Many days have passed since the capture of Nicolás Maduro. Everything has been said: resolutions, condemnations, emergency meetings, foreign ministry statements, expert commentary. Everything — except one thing. There has not been a single personal public statement from Vladimir Putin or Xi Jinping.

This is unlikely to be a pause for drafting positions. In diplomacy, silence by leaders is also a form of speech. Sometimes the most meaningful one. Such silence often appears not when there is nothing to say, but when there is no intention to intervene.

I am not a fan of conspiracy theories. But this silence is too conspicuous to be ignored. It may point to an unspoken division of spheres of influence.

For Russia, the existential direction is clearly Ukraine. This is where resources, military stakes, political prestige, and regime risks are concentrated. For the United States, that role is increasingly played by the Western Hemisphere — with Venezuela and Mexico as key nodes. In this logic, Caracas and Kyiv are not directly linked, but they appear as structurally mirrored cases.

This is what a tacit recognition of the boundaries of what is permissible between two major powers might look like. The Anchorage summit was publicly assessed by both sides in strikingly positive terms. The demonstrative warmth of that meeting signaled to the world that Donald Trump and Vladimir Putin were on the same wavelength and understood each other perfectly.

The United States is acting in Venezuela with speed and brute force — and receives no reciprocal escalation.
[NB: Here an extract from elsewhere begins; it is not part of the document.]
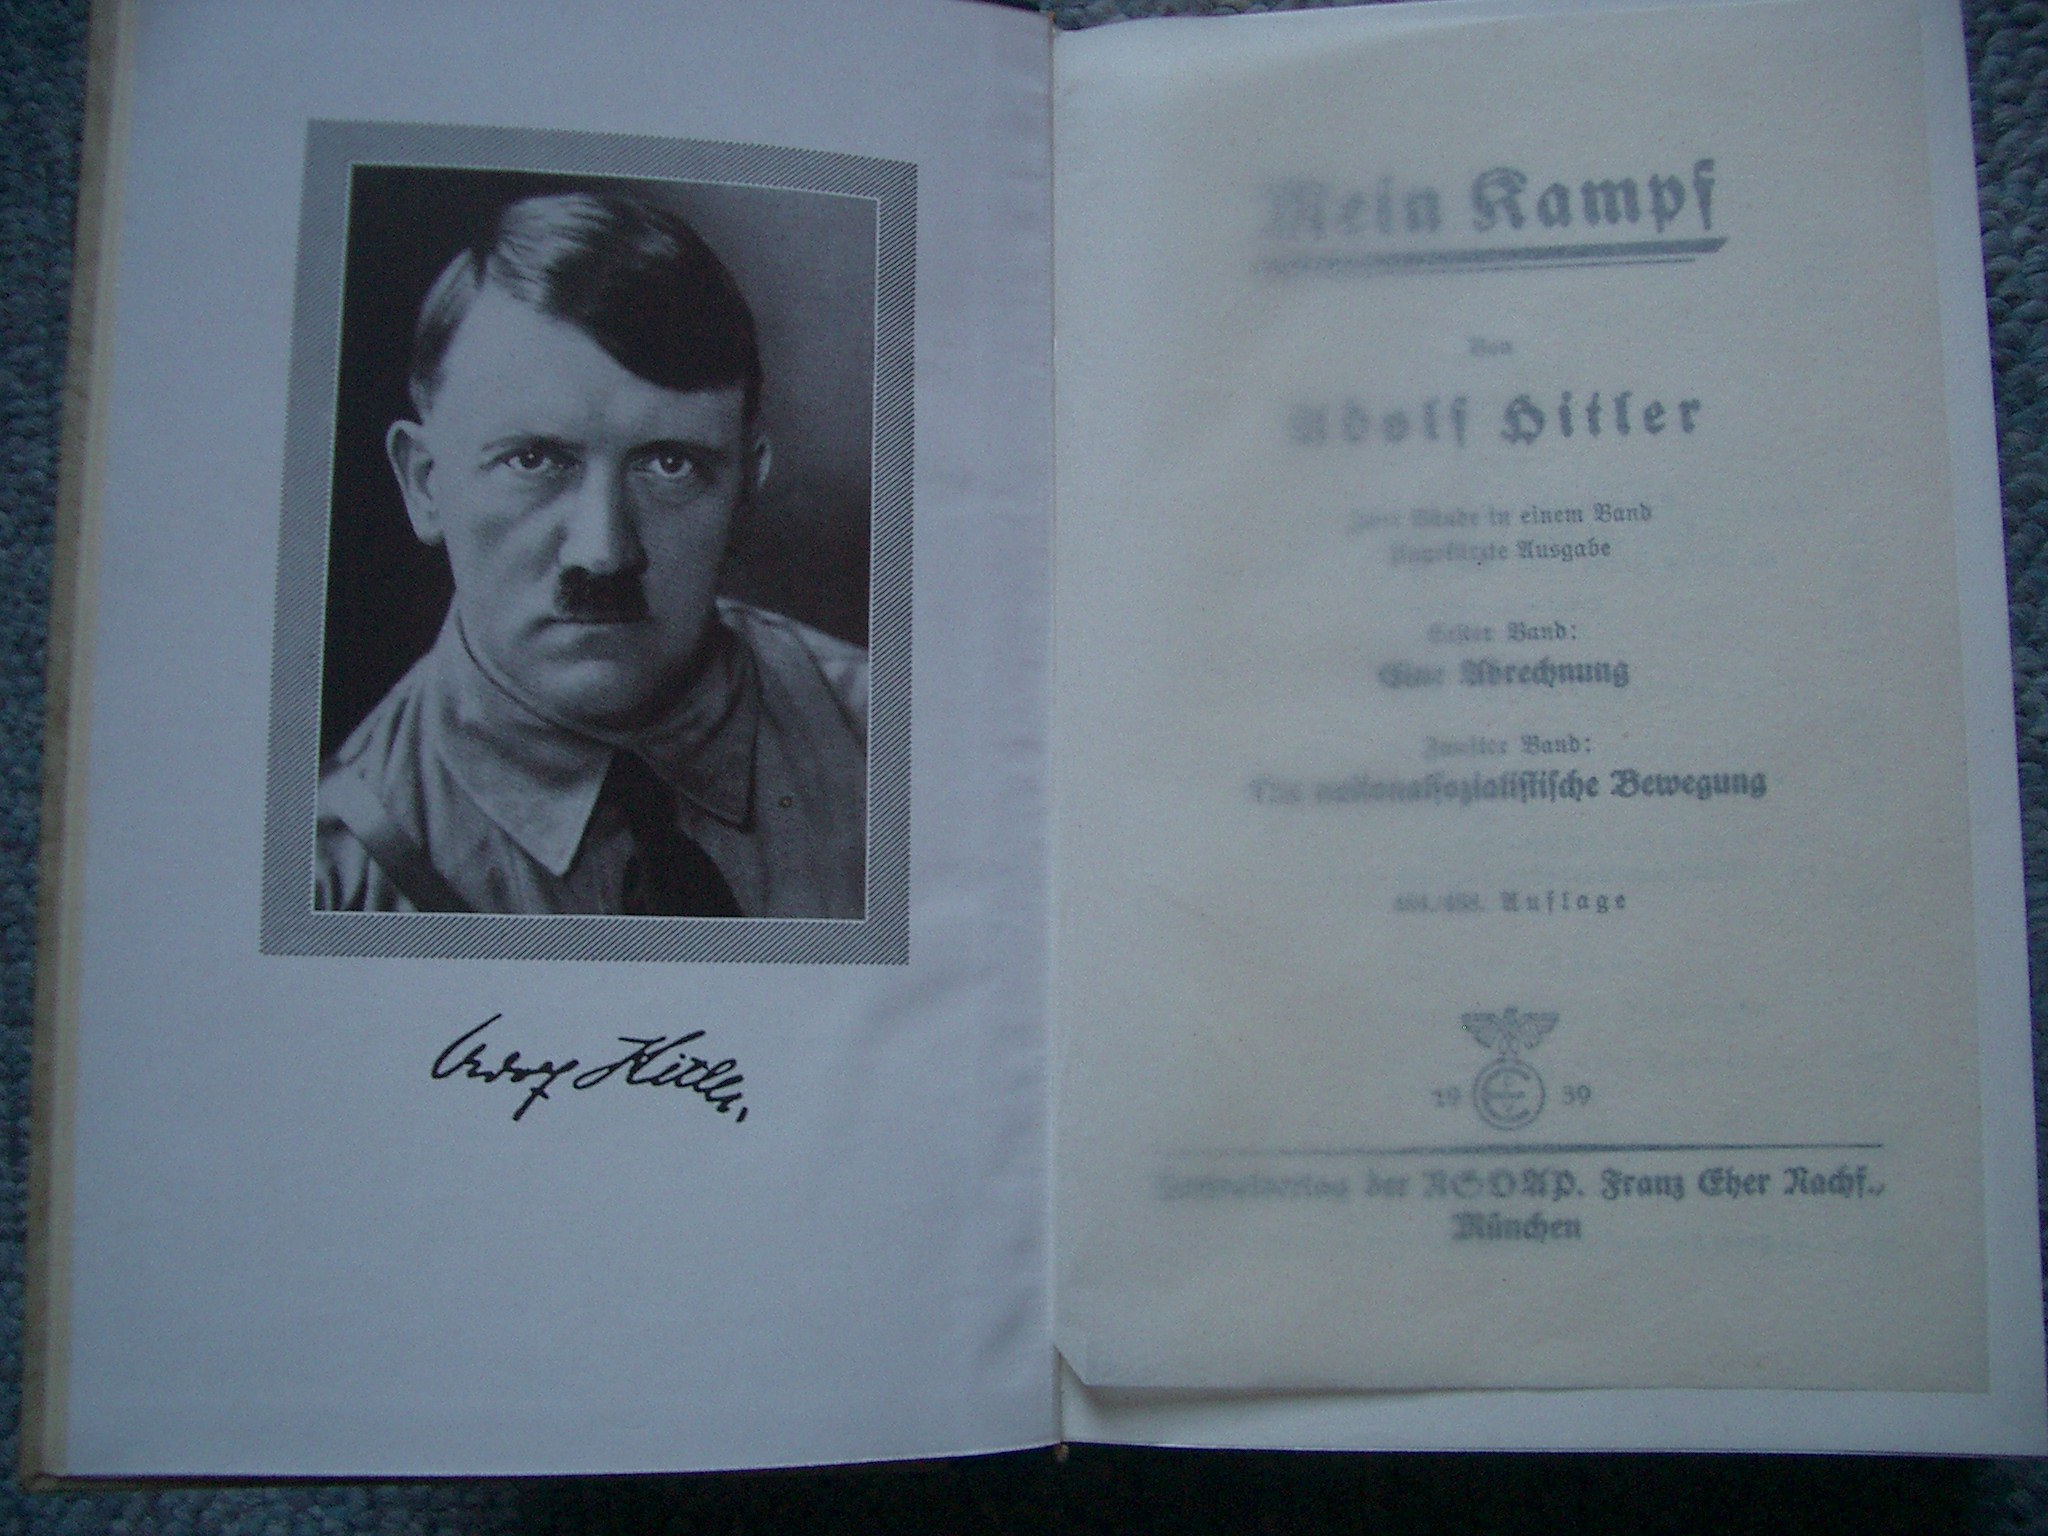 Mein Kampf Buch

Russia continues to press along the Ukrainian track and sees that Western pressure remains limited, fragmented, and extremely cautious.

China appears to be playing a different game altogether. That is why it remains silent. The loss of Venezuelan oil supplies is easily offset for Beijing through Russia and other East Asian partners. Venezuela provides China with roughly 300–400 thousand barrels per day against total consumption of 11–12 million. That is around 3–4% — a volume easily replaced by Russia alone (already +500 thousand barrels per day in 2025), as well as by Saudi Arabia, Iran, and Malaysia.

At the same time, Venezuelan oil can be redirected toward the United States and the European Union, which would no longer have to wrestle with the moral discomfort of energy dependence on Russia. The new authorities in Caracas — Delcy Rodríguez — are already signaling a reorientation of exports toward the West.

In this sense, the entire situation may end up reshaping the oil market under a new set of rules. Tellingly, oil prices have reacted with near-total indifference. Since January 3, Brent has fluctuated within the $72–75 range — no panic, no collapse. The market has already swallowed the seizure and remains silent, along with Putin and Xi.